What you say as an instructor matters. While you may think it is an off-the-cuff remark, people will remember it. The standards that instructors are held to are much higher than anyone, and rightly so. The consequences for poor instruction can cost someone their life. Be thoughtful and humble about your techniques. Always remember that a student might be called on to fight for their life with your training. This should never be forgotten.
Last but not least is safety. This is what I do. I have a chart with the safety rules that I go over when I start the class. I have the students repeat the rules several times. These are the rules I use:
1. All guns are always loaded. Act accordingly with them.
2. Never let the muzzle cover (point at) anything which you are not willing to destroy
3. Keep your finger OFF the trigger and out of the trigger guard until ready to shoot
4. Always know your target and beyond
I talk about those rules a little. I explain that rule 1 is the most important. The other 3 rules are in support of rule 1:
“Why do you keep your finger off the trigger until you’re ready to shoot?” “Because rule 1.”

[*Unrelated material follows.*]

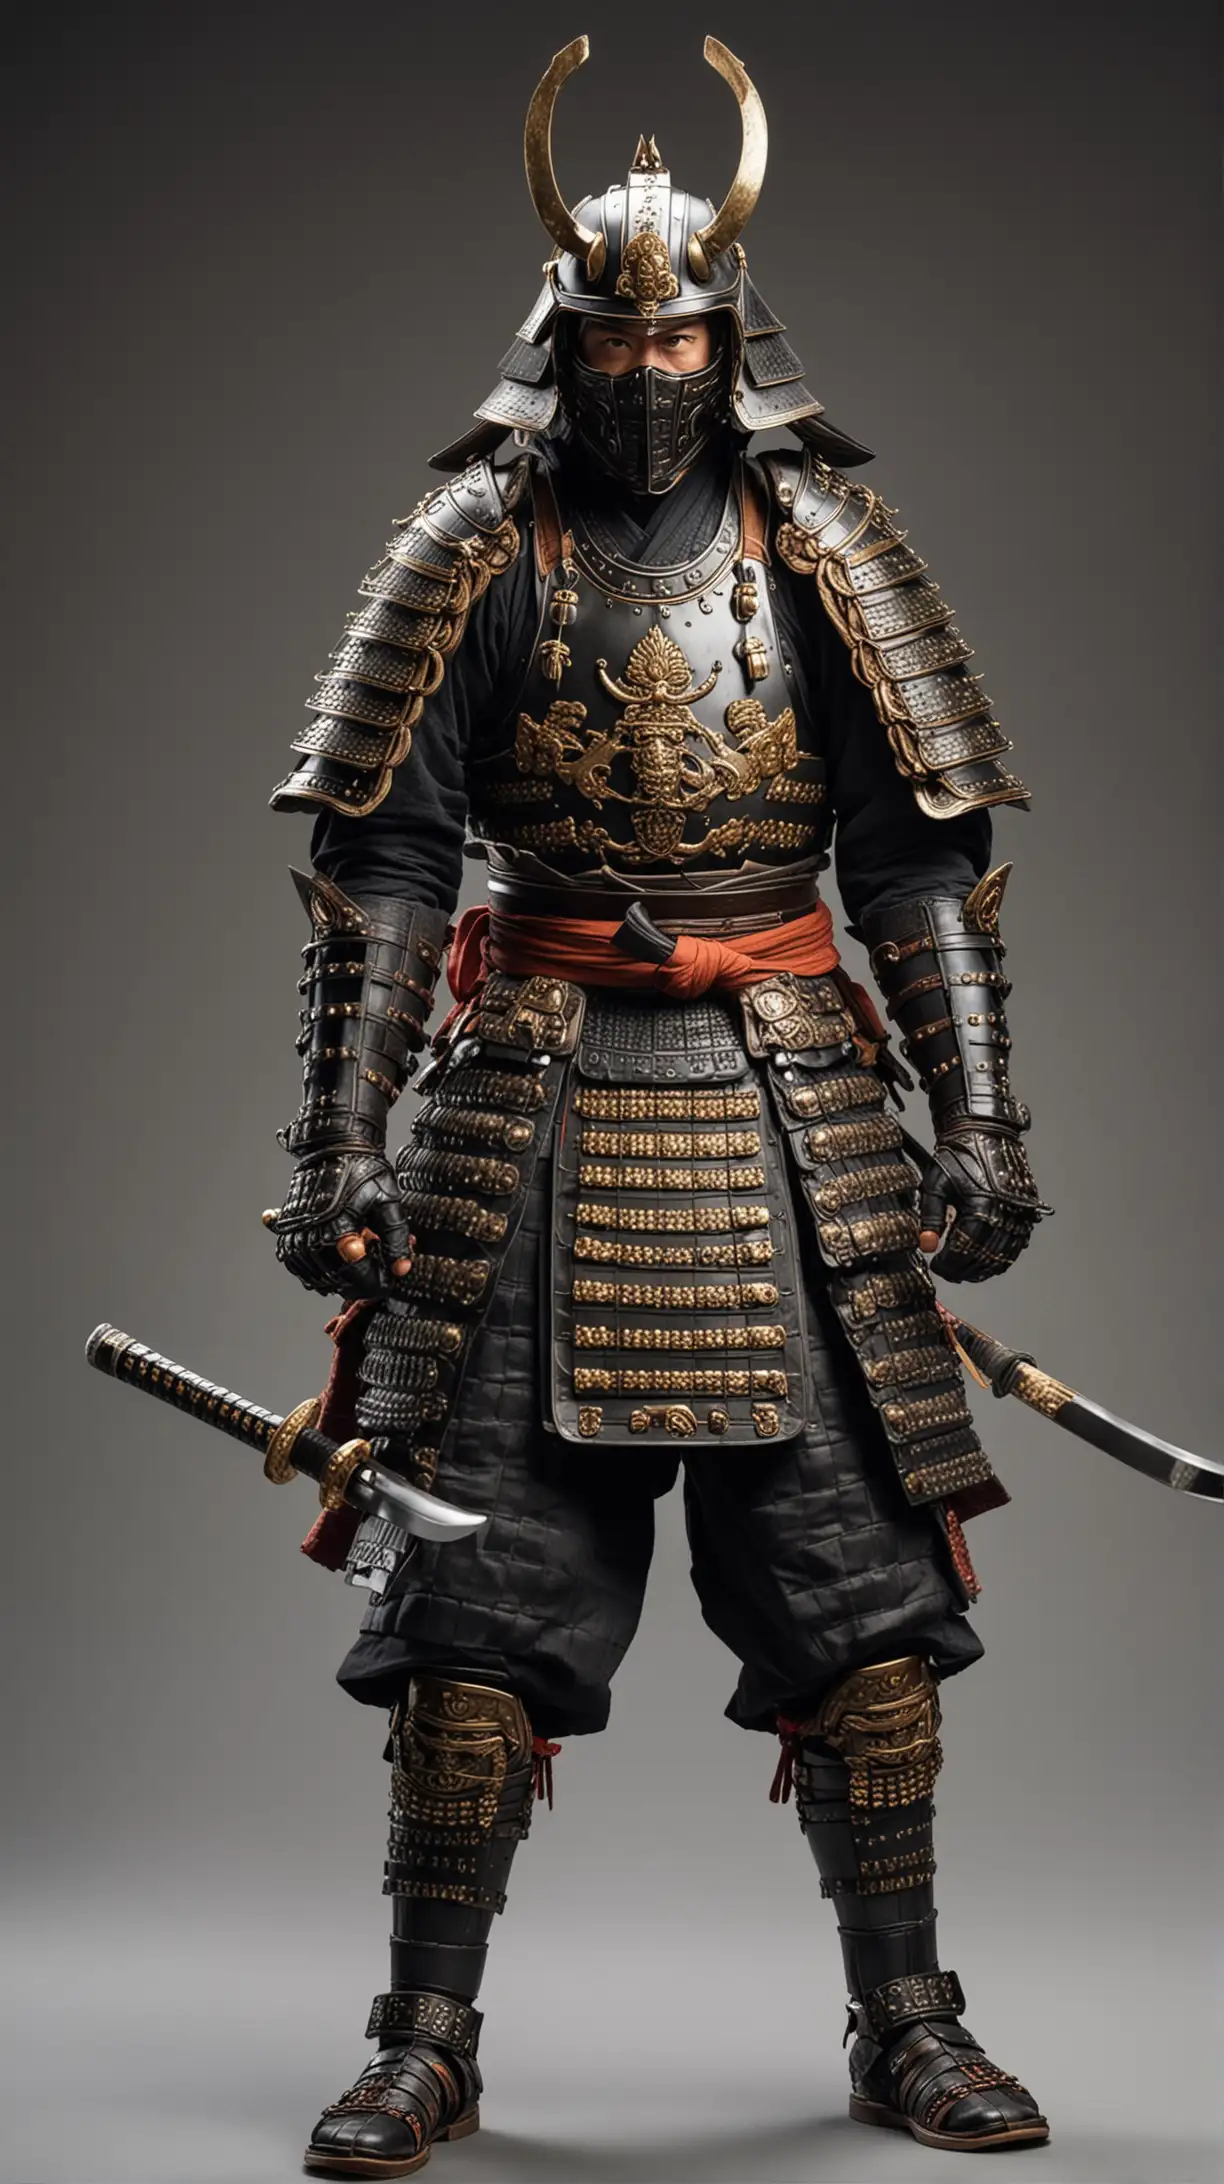 Samurai in Full Armor with Kabuto Helmet

“Why do you keep rule 2?” “Because of rule 1.”
Then randomly through the class I “quiz” students on the rules. I make sure that during that class they know, and follow, all 4 rules. Some instructors add rules to this. I do not. I want to keep it as simple as possible so they can actually remember and apply these rules. I have certain policies that I emphasize. Use the proper ammo. Maintain your guns. Never shoot and drink. Use eye and ear protection always. These are some of the policies I use and some can be linked to the safety rules. “Always keep your weapon pointed downrange because of what rule?...”
“Rule 1 and 4.”
To help them to understand the seriousness of the rules I give what I call the “3 Strikes plus.” I will give you 3 infractions of the rules, after the 3rd you’re out of the class. The plus is up to the range safety officer or instructor. If I deem your violation to be of such serious disregard or negligence, you may be asked to leave right away without discussion. Generally, rules 2 and 3 are the ones that are broken, which of course breaks rule 1. If I see someone breaking a rule with total disregard for their or their fellow students I will expel. I’m not a jerk about it, and I’m not crazy strict, but sometimes you see people who are adults, and I know they know better, being stupid and dangerous. In my time of instructing I’ve only ousted two people for not being safe. Only a few more have received 2 strikes, and many have received 1 strike. Of the 2 expelled, 1 thought they knew it all and the other just didn’t care. I was actually caught once breaking rule 3. In my defense I had been handed a gun unsafely and was trying to manipulate it to be safe.
I try to inject as much humor as I can into the class. I’m serious when it is serious but having a professional humor puts people at ease and makes them want to stay.
Being an instructor of something that enables others to take care of themselves is very fulfilling.
If you're interested in becoming an instructor contact the NRA. They have a very thorough training program for instructors.